Nanón dio un suspiro, semejante a un gemido.
En este momento había llegado Richón bajo la galería del mercado, tranquilo y silencioso como siempre, hasta la viga de que pendía la escala y la cuerda, que se habían colocado de antemano. Richón subió con paso firme aquella escala, dominando su noble cabeza toda aquella multitud, sobre la que extendió su mirada armada de un frío desdén. Entonces el preboste le pasó el lazo por el cuello, y el pregonero dijo en alta voz que el rey hacía justicia en el señor Esteban Richón, falsario, traidor y villano.
—Hemos llegado a un tiempo —dijo Richón—, en que más vale ser villano que mariscal de Francia.
Apenas había pronunciado estas palabras, cuando el escalón faltó bajo sus pies y su cuerpo palpitante se balanceaba pendiente de la viga fatal.
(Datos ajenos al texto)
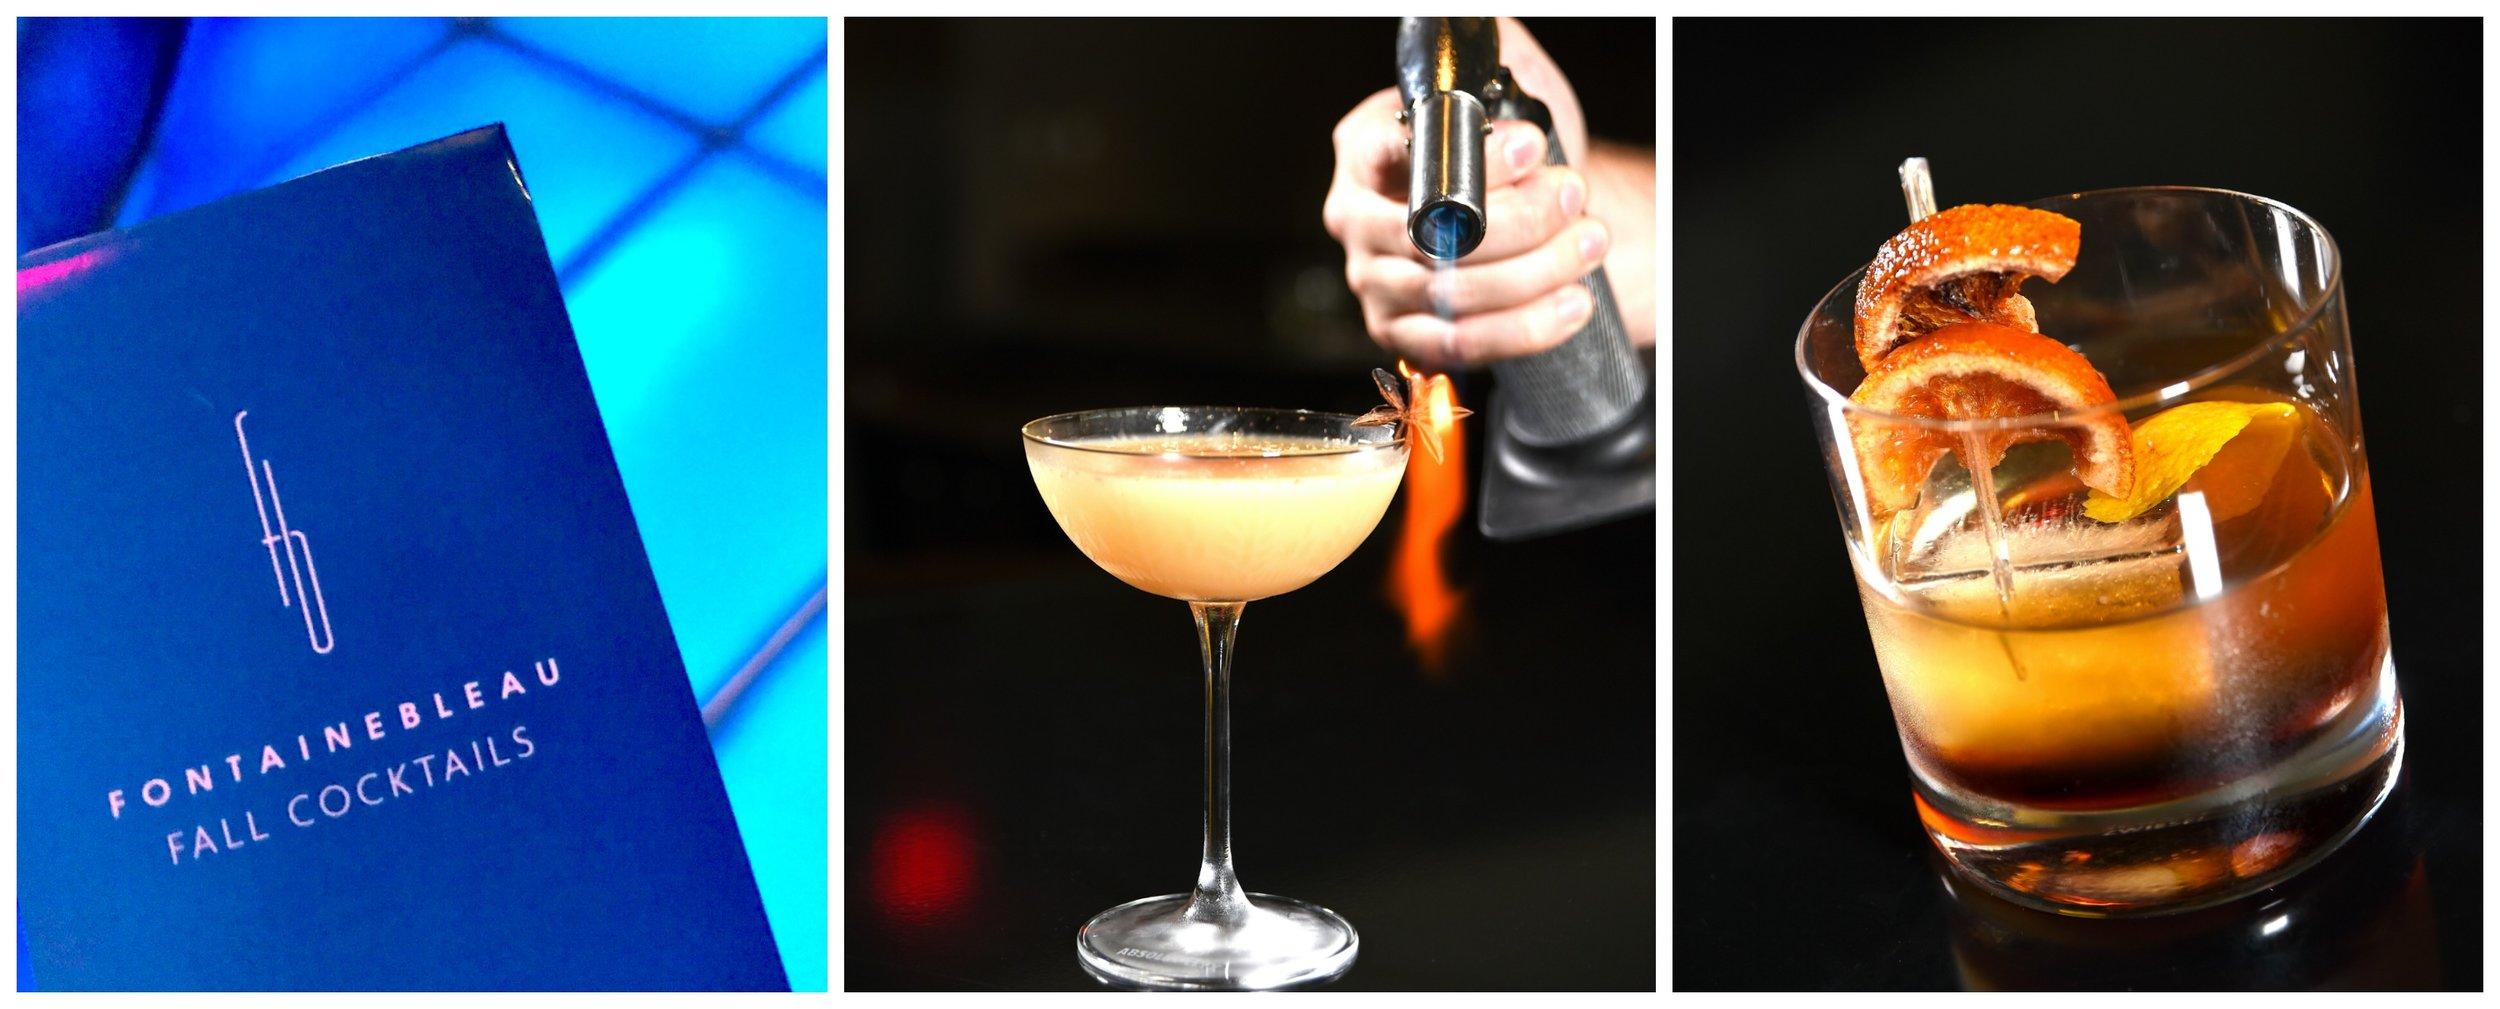 Fontainebleau Miami Fall Cocktail

Un movimiento universal de terror dispersó a la multitud sin que se dejase oír un sólo grito de: «¡Viva el rey!», aunque todos pudieron ver a las dos majestades en su ventana. Nanón se cubrió el rostro con las manos y fue a refugiarse al ángulo más retirado de la sala.
—Y bien —dijo el duque—, penséis lo que queráis, querida Nanón, yo creo que esta ejecución será un buen ejemplo; y cuando sepan en Burdeos que a sus gobernadores se les cuelga, tengo curiosidad de saber lo que harán.
A la idea de lo que podían hacer, Nanón abrió la boca para hablar, pero no pudo más que lanzar un grito terrible, alzando al cielo las manos, como para suplicarle no permitiera que fuese vengada la muerte de Richón. Después, como si todos los resortes de su vida se hubieran roto en ella, cayó desplomada sobre el pavimento.
—¿Pero qué es eso, qué hay? —exclamó el señor de Epernón—. ¿Qué tenéis, Nanón, qué os pasa? ¿Es posible que os pongáis en ese estado por haber visto colgar a un villano? Vamos, querida Nanón, levantaos, volved en vos, Dios me perdone, está desmayada; y esos Ageneses que dicen que es insensible. ¡Hola! ¡Uno! ¡Vinagre! ¡Socorro! ¡Agua fría!
Y viendo el duque que ninguno acudía a sus gritos, salió corriendo para ir a buscar él mismo lo que inútilmente pedía a sus criados, los cuales no podían oírle sin duda, por hallarse aún ocupados en el espectáculo que acababa de regalarles gratis la generosidad real.